Extracted records:
•••
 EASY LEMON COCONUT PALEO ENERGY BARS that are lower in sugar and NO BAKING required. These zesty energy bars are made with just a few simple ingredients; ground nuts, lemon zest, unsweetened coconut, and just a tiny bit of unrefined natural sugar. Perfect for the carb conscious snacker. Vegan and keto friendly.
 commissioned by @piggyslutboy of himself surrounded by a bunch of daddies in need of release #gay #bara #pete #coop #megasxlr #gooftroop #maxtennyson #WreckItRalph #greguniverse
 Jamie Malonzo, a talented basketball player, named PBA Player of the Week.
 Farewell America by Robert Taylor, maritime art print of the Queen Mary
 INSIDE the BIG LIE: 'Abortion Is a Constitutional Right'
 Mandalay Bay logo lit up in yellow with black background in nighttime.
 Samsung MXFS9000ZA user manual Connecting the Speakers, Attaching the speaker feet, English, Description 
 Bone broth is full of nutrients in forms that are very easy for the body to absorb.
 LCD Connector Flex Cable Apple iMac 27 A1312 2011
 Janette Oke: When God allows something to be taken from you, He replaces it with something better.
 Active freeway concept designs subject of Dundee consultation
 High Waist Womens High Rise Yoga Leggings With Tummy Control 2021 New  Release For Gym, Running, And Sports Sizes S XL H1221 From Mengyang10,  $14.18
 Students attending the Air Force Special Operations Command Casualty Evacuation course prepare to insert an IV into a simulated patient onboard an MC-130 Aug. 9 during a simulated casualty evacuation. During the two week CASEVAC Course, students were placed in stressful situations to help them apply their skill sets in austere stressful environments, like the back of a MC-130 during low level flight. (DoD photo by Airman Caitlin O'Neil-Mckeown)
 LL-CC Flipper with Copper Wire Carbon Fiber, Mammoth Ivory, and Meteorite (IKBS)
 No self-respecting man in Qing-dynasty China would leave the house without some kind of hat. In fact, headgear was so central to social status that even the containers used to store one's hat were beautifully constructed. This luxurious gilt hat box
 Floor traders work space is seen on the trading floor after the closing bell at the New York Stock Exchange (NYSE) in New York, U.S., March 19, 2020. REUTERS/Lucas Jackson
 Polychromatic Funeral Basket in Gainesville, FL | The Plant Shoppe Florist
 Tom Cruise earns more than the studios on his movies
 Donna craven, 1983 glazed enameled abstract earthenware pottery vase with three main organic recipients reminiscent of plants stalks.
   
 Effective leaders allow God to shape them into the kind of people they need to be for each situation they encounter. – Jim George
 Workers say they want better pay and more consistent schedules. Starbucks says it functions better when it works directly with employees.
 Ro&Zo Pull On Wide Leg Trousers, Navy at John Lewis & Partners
•••
:: How to complete this task ::
Show all lines above containing "were".

:: Problem solution ::
 Students attending the Air Force Special Operations Command Casualty Evacuation course prepare to insert an IV into a simulated patient onboard an MC-130 Aug. 9 during a simulated casualty evacuation. During the two week CASEVAC Course, students were placed in stressful situations to help them apply their skill sets in austere stressful environments, like the back of a MC-130 during low level flight. (DoD photo by Airman Caitlin O'Neil-Mckeown)
 No self-respecting man in Qing-dynasty China would leave the house without some kind of hat. In fact, headgear was so central to social status that even the containers used to store one's hat were beautifully constructed. This luxurious gilt hat box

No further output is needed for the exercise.